TL;DR: geo promote does runtime work; you do the config-file work. Don't leave them out of sync.
What the end-to-end recipe ended up looking like
For my own future reference (and yours), here's the trimmed sequence that actually works:
# === Pre-flight ===
# Confirm replication is at zero lag (on primary):
SELECT client_addr, state, replay_lsn FROM pg_stat_replication;
# === On primary (gitlab1) — set maintenance mode ===
sudo gitlab-rails runner '
ApplicationSetting.current_without_cache.update!(
maintenance_mode: true,
maintenance_mode_message: "Failover in progress"
)
'
# === On secondary (gitlab2) — promote ===
sudo gitlab-ctl geo promote --force
# Edit /etc/gitlab/gitlab.rb on gitlab2:
# roles ['geo_secondary_role'] → roles ['geo_primary_role']
# Add primary's listen_address / md5_auth / trust_auth / sql_replication_password
# Then:
sudo gitlab-ctl reconfigure
sudo gitlab-ctl restart postgresql # to pick up listen_address change
# Reset the replicator password so SCRAM hash is fresh:
sudo -u gitlab-psql /opt/gitlab/embedded/bin/psql -d postgres \
-c "ALTER USER gitlab_replicator WITH PASSWORD '<plaintext>';"

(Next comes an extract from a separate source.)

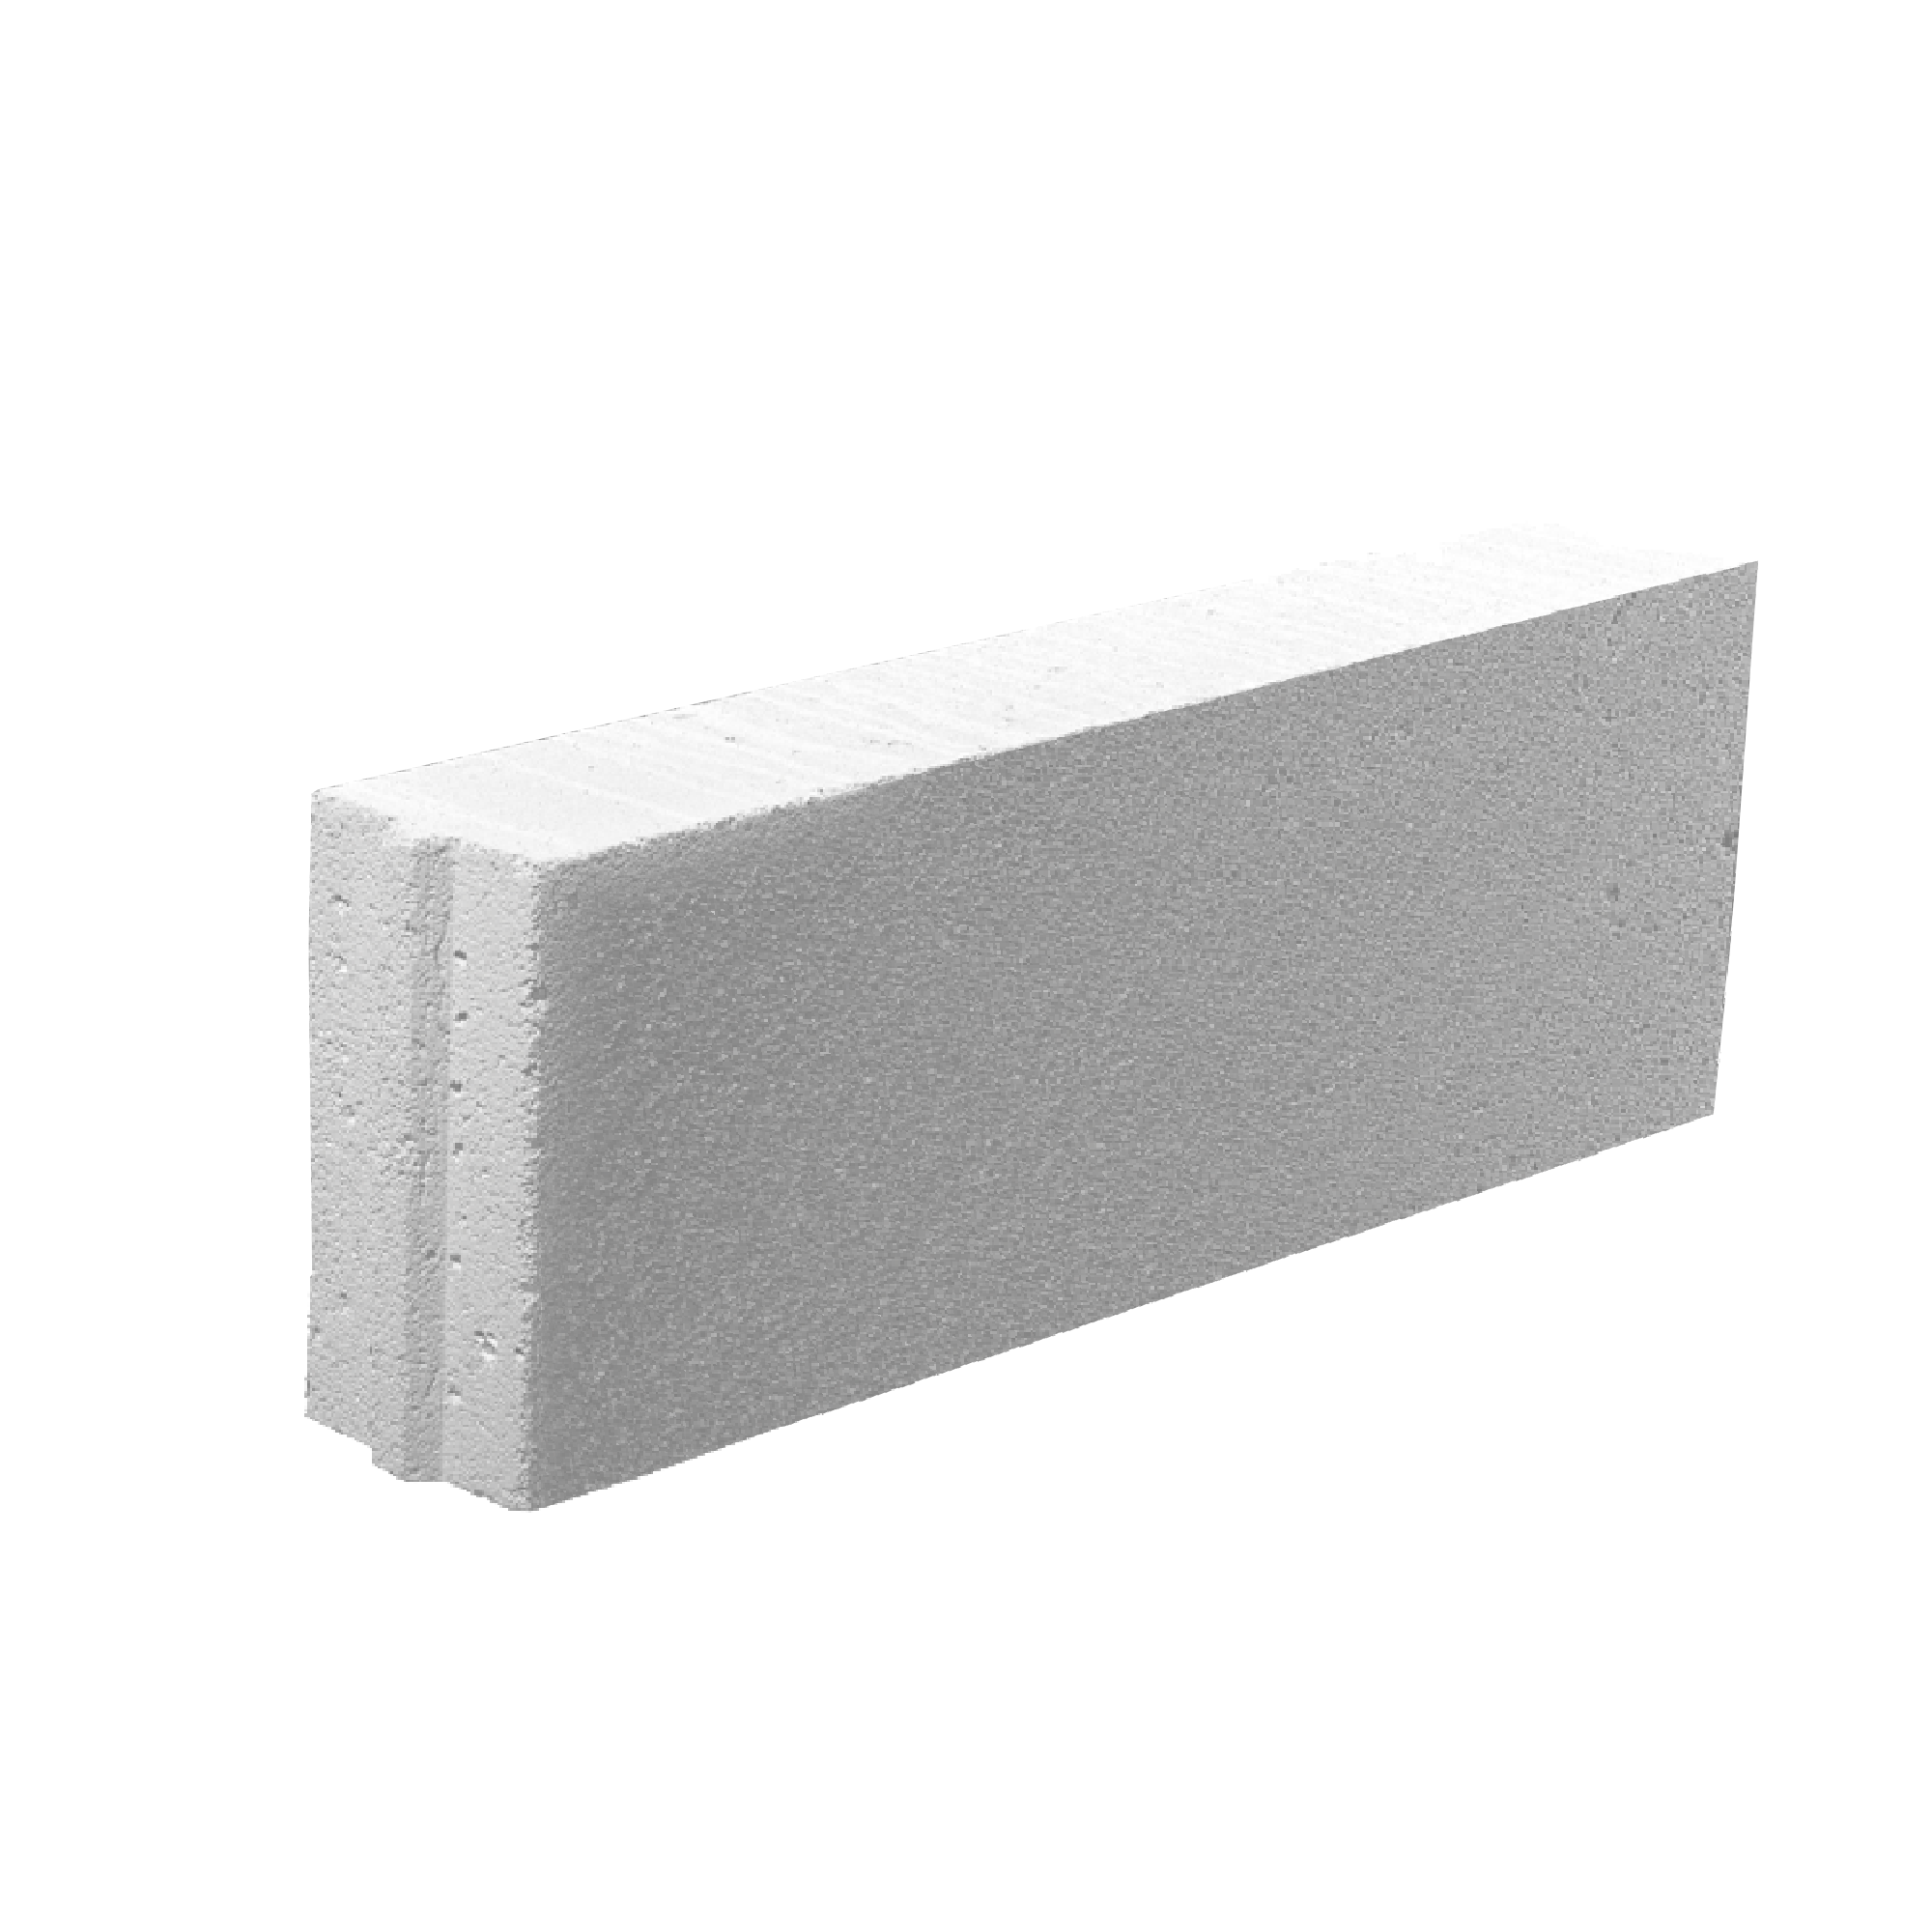 AAC Joggle Joint - AAC Ytong Interio D0.5, 599 x 100 x 199 mm joggle joint, https:maxbau.ro

# === On old primary (gitlab1) — turn it into the new secondary ===
# Park user services:
sudo gitlab-ctl stop puma sidekiq nginx gitlab-workhorse
# Edit /etc/gitlab/gitlab.rb on gitlab1:
# external_url → https://gitlab1.example.com
# ssl cert paths → new multi-SAN cert
# roles ['geo_primary_role'] → roles ['geo_secondary_role']
# Remove all primary postgresql settings (listen_address, md5_auth, sql_replication_password, slots)

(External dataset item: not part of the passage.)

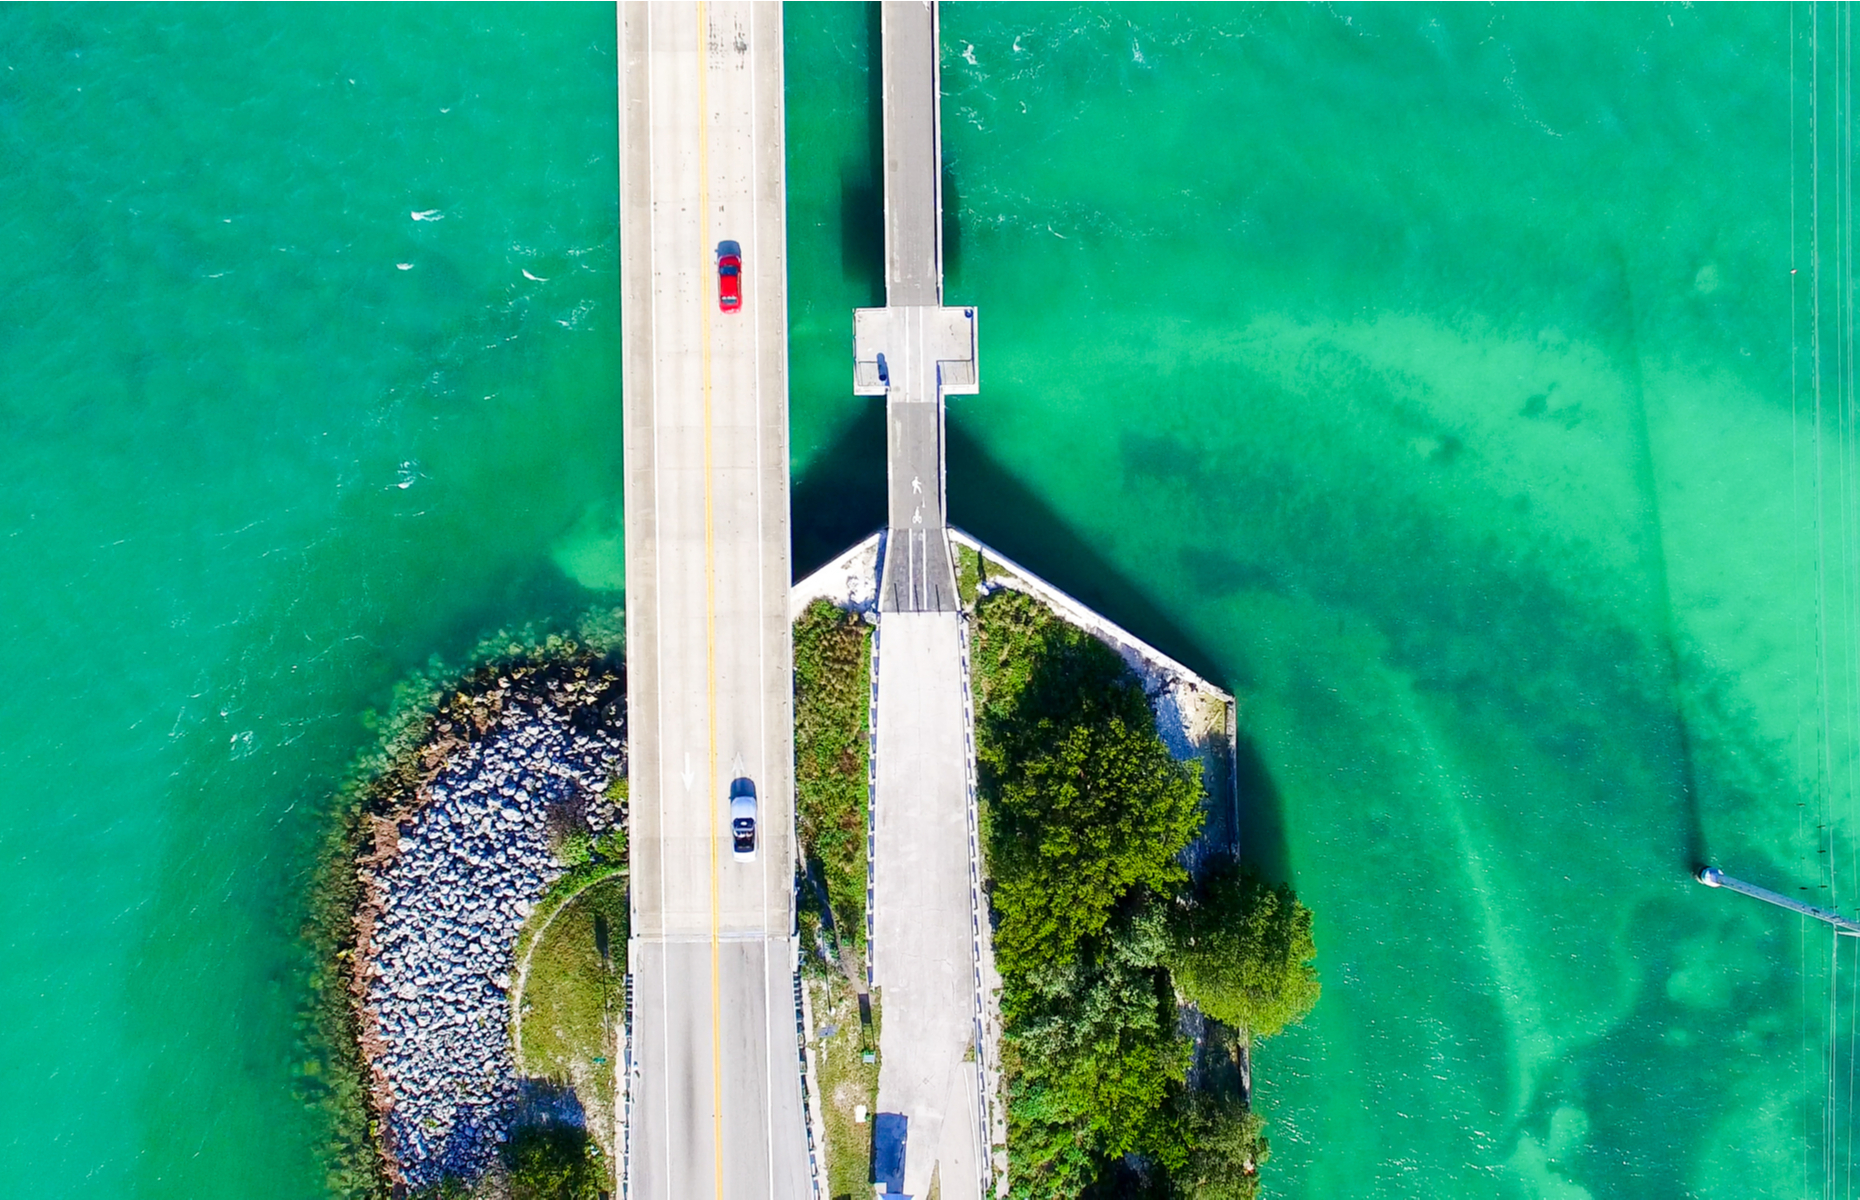 <p>Made famous in commercials and movies, the <a href="https://www.frommers.com/trip-ideas/road-trip/miami-to-the-keys-driving-the-overseas-highway" title="https://www.frommers.com/trip-ideas/road-trip/miami-to-the-keys-driving-the-overseas-highway">Overseas Highway</a> is even more impressive when driven in person. It spans the green-blue seawater in a series of bridges that take you through the Florida Keys. The 150-mile trip is actually the southernmost leg of Highway US 1, and is built on an old, narrow railroad bed so the highway is often just two lanes, making the trip from Miami to Key West between 3.5 and four hours. But the scenery is great and there are a lot of nifty places to stop, so you won’t complain.</p>

# Add hot_standby, geo_postgresql settings.
# Stop pg, wipe data dir, manual basebackup:
sudo gitlab-ctl stop postgresql
sudo rm -rf /var/opt/gitlab/postgresql/data
sudo install -d -m 0700 -o gitlab-psql -g gitlab-psql /var/opt/gitlab/postgresql/data
# Create slot on new primary:
ssh new-primary "sudo -u gitlab-psql /opt/gitlab/embedded/bin/psql -d postgres \
-c \"SELECT pg_create_physical_replication_slot('<slot>');\""

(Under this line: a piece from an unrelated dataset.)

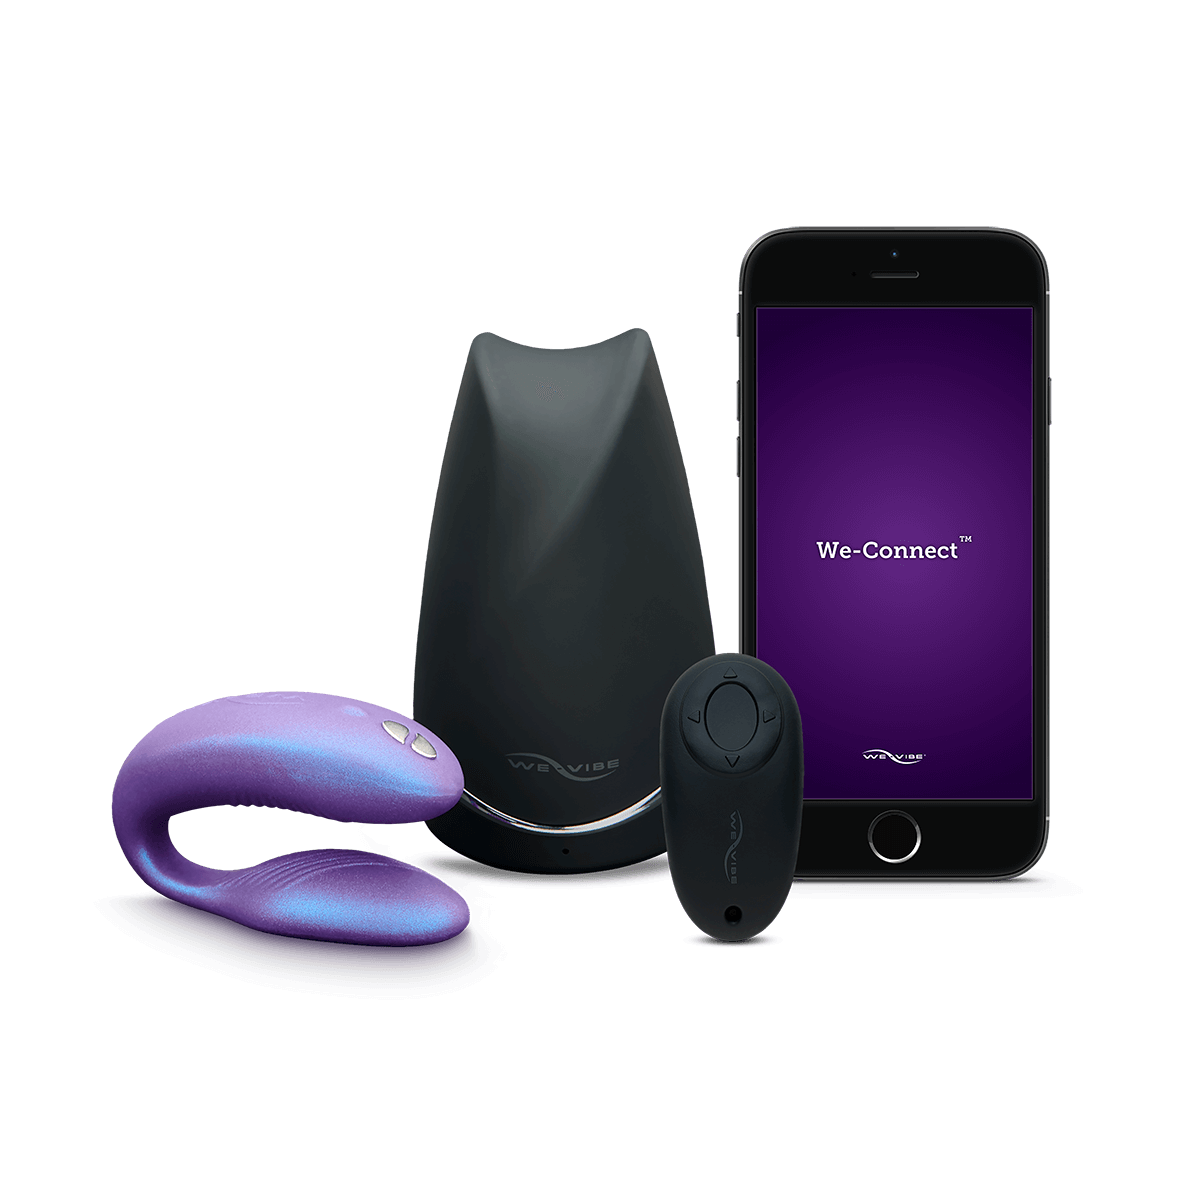 The WE-Vibe Sync Under the Stars

# Run basebackup manually:
sudo -u gitlab-psql PGPASSWORD="$PASS" /opt/gitlab/embedded/bin/pg_basebackup \
-h <new-primary> -U gitlab_replicator \
-D /var/opt/gitlab/postgresql/data \
-X stream --slot=<slot> \
-d "sslmode=disable" \
--write-recovery-conf --progress --verbose
# Bring PG back up — it's now in recovery, streaming from new primary:
sudo gitlab-ctl start postgresql
# Reconfigure to set up tracking DB + geo-logcursor under geo_secondary_role:
sudo gitlab-ctl reconfigure
sudo gitlab-ctl start
# === Geo node registry — done on new primary ===
sudo gitlab-rails runner '
GeoNode.create(name: "gitlab1.example.com", url: "https://gitlab1.example.com/", primary: false)
'
# === DNS flip ===
# Delete old A record gitlab → <old-primary>
# Create CNAME gitlab → gitlab2.example.com
# Add A record gitlab1 → <old-primary>
What the failover was supposed to be vs. what it was
A promote command takes 90 seconds. The cert dance for the floating name is another 90 seconds. The DNS triple-flip is a single API call. If everything else cooperates, this is genuinely a four-minute operation.
What ate the day was:
- the
replicate-geo-databasewrapper papering over real auth failures with cryptic messages; - assumed-but-not-applied
gitlab.rbdirectives (the password one especially); - the maintenance-mode flag riding on replication and persisting after promote;
- and the wrapper's environment handling not being quite consistent enough to survive multiple sudo-and-chpst layers.
Most of those have one common workaround: bypass the wrapper, drive pg_basebackup directly, and verify on-disk state rather than trusting exit codes. Geo's replication mechanics are well-engineered. The wrapper around them, less so.
Next failover should be ten minutes. If it isn't, I'll write another post.